Applying the quaternion product with $\pmb{\hat{s}}$ to vector $\vec{v}$:

$$\begin{align} \pmb{\hat{s}}\big( 1 + \epsilon\vec{v}\big)\pmb{\bar{\hat{s}}^{*}} &= \big(\pmb{r_0} + \frac{\epsilon}{2}\pmb{r_0}\vec{d}\big)\big( 1 + \epsilon\vec{v}\big)\big(\pmb{{r_0}^{*}} - \frac{\epsilon}{2}\vec{d}^{*}\pmb{{r_0}^{*}}\big) \\ &= \big(\pmb{r_0} + \epsilon\pmb{r_0}\vec{v} + \frac{\epsilon}{2}\pmb{r_0}\vec{d}\big)\big(\pmb{{r_0}^{*}} - \frac{\epsilon}{2}\vec{d}^{*}\pmb{{r_0}^{*}}\big) \\ &= 1 - \frac{\epsilon}{2}\pmb{r_0}\vec{d}^{*}\pmb{{r_0}^{*}} + \epsilon\pmb{r_0}\vec{v}\pmb{{r_0}^{*}} + \frac{\epsilon}{2}\pmb{r_0}\vec{d}\pmb{{r_0}^{*}} \\ &= 1 + \epsilon\pmb{r_0}\big(\vec{v} + \frac{\vec{d}}{2} - \frac{\vec{d}^{*}}{2} \big)\pmb{{r_0}^{*}} \end{align}$$

However, $\vec{d}$ is a pure regular quaternion, so

$$-\vec{d}^{*} = \vec{d}$$

Therefore

$$\pmb{\hat{s}}\big( 1 + \epsilon\vec{v}\big)\pmb{\bar{\hat{s}}^{*}} = 1 + \epsilon\pmb{r_0}\big(\vec{v} + \vec{d}\big)\pmb{{r_0}^{*}}\tag{6}$$

If we reverse the order of the operations and perform a rotation then translation, we get:

$$\begin{align} \pmb{\hat{s}}\big( 1 + \epsilon\vec{v}\big)\pmb{\bar{\hat{s}}^{*}} &= \big(\pmb{r_0} + \frac{\epsilon}{2}\vec{d}\pmb{r_0}\big)\big( 1 + \epsilon\vec{v}\big)\big( \pmb{{r_0}^{*}} - \frac{\epsilon}{2}\pmb{{r_0}^{*}}\vec{d}^{*}\big) \\ &= \big(\pmb{r_0} + \epsilon\pmb{r_0}\vec{v} + \frac{\epsilon}{2}\vec{d}\pmb{r_0}\big)\big( \pmb{{r_0}^{*}} - \frac{\epsilon}{2}\pmb{{r_0}^{*}}\vec{d}^{*}\big)\\ &= \pmb{r_0}\pmb{{r_0}^{*}} - \frac{\epsilon}{2}\pmb{r_0}\pmb{{r_0}^{*}}\vec{d}^{*} + \epsilon\pmb{r_0}\vec{v}\pmb{{r_0}^{*}} + \frac{\epsilon}{2}\vec{d}\pmb{r_0}\pmb{{r_0}^{*}}\\ &= 1 + \epsilon\big(\pmb{r_0}\vec{v}\pmb{{r_0}^{*}} + \vec{d}\big)\tag{7} \end{align}$$

We can modify the regular unit quaternion $\pmb{r_0} = r_0 + \vec{r}$ into one that uses angles of rotation around the axis $\vec{r}$. See Extracting the Cross and Dot Products from the Quaternion Rotation Operator.
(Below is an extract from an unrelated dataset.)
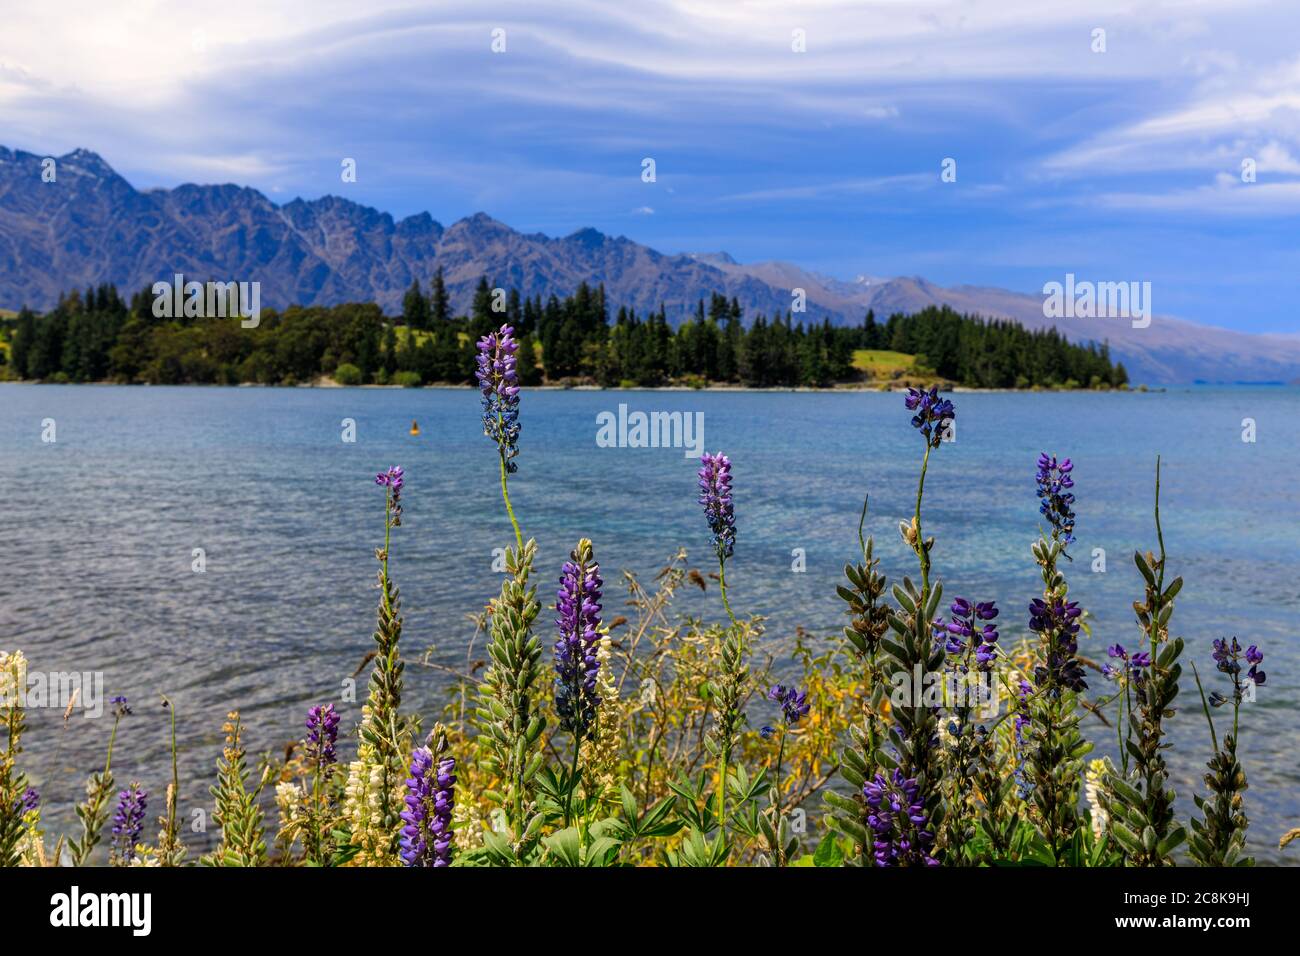 Fleurs sauvages sur les rives du lac Wakatipu dans le parc de la ville de Queenstown avec les montagnes autour. Queenstown, Nouvelle-Zélande. Banque D'Images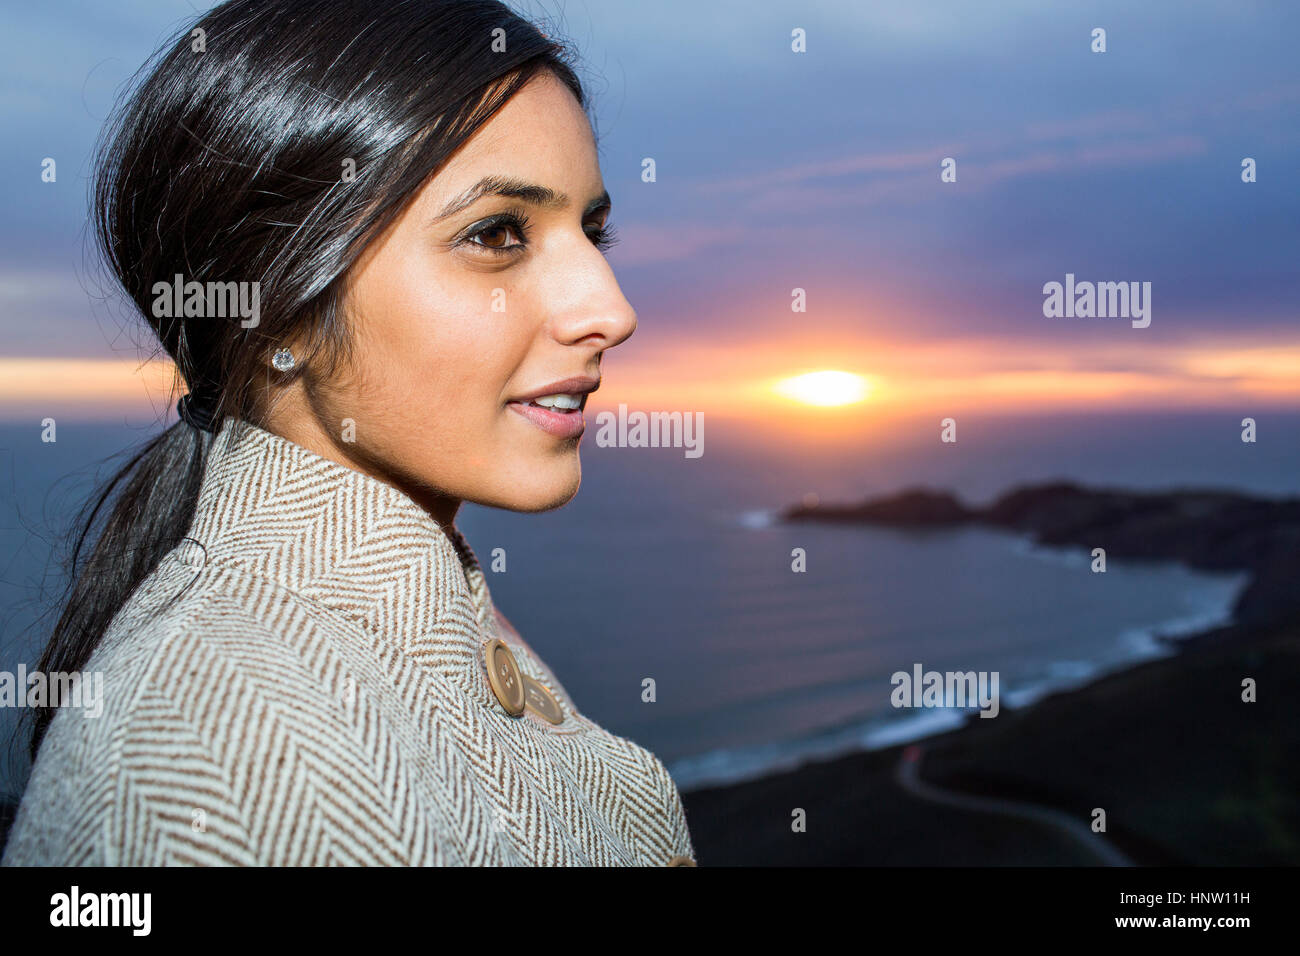 Portrait de femme indienne près de ocean at sunset Banque D'Images

The scalar part is $\cos{\Big(\frac{\theta}{2}\Big)}$ and the vector part is the unit vector $\vec{u}$ of $\vec{r}$ scaled by $\sin{\Big(\frac{\theta}{2}\Big)}$.

$$\pmb{r_0} = \cos{\Big(\frac{\theta}{2}\Big)} + \sin{\Big(\frac{\theta}{2}\Big)}\vec{u}\tag{8}$$

Substituting $(8)$ into $(4)$:

$$\begin{align} \pmb{\hat{s}} &= \pmb{r_0} + \frac{\epsilon}{2}\pmb{r_0}\vec{d} \\ &= \cos{\Big(\frac{\theta}{2}\Big)} + \sin{\Big(\frac{\theta}{2}\Big)}\vec{u} + \frac{\epsilon}{2}\bigg( \cos{\Big(\frac{\theta}{2}\Big)} + \sin{\Big(\frac{\theta}{2}\Big)}\vec{u} \bigg)\vec{d} \\ &= \cos{\Big(\frac{\theta}{2}\Big)} + \sin{\Big(\frac{\theta}{2}\Big)}\vec{u} + \frac{\epsilon}{2}\bigg( \cos{\Big(\frac{\theta}{2}\Big)}\vec{d} + \sin{\Big(\frac{\theta}{2}\Big)}\Big(\vec{u}\times\vec{d}\Big) - \sin{\Big(\frac{\theta}{2}\Big)}\Big(\vec{u}\cdot\vec{d}\Big) \bigg)\tag{9} \end{align}$$

Likewise, substituting $(8)$ into $(5)$:

$$\begin{align} \pmb{\hat{s}} &= \pmb{{r_0}^{*}} - \frac{\epsilon}{2}\vec{d}^{*}\pmb{{r_0}^{*}} \\ &= \cos{\Big(\frac{\theta}{2}\Big)} - \sin{\Big(\frac{\theta}{2}\Big)}\vec{u} - \frac{\epsilon}{2} \bigg(\cos{\Big(\frac{\theta}{2}\Big)}\vec{d}^{*} - \sin{\Big(\frac{\theta}{2}\Big)}\Big(\vec{d}^{*} \times \vec{u}\Big) +\sin{\Big(\frac{\theta}{2}\Big)}\Big(\vec{d}^{*}\cdot\vec{u}\Big)\bigg)\tag{10} \\ \end{align}$$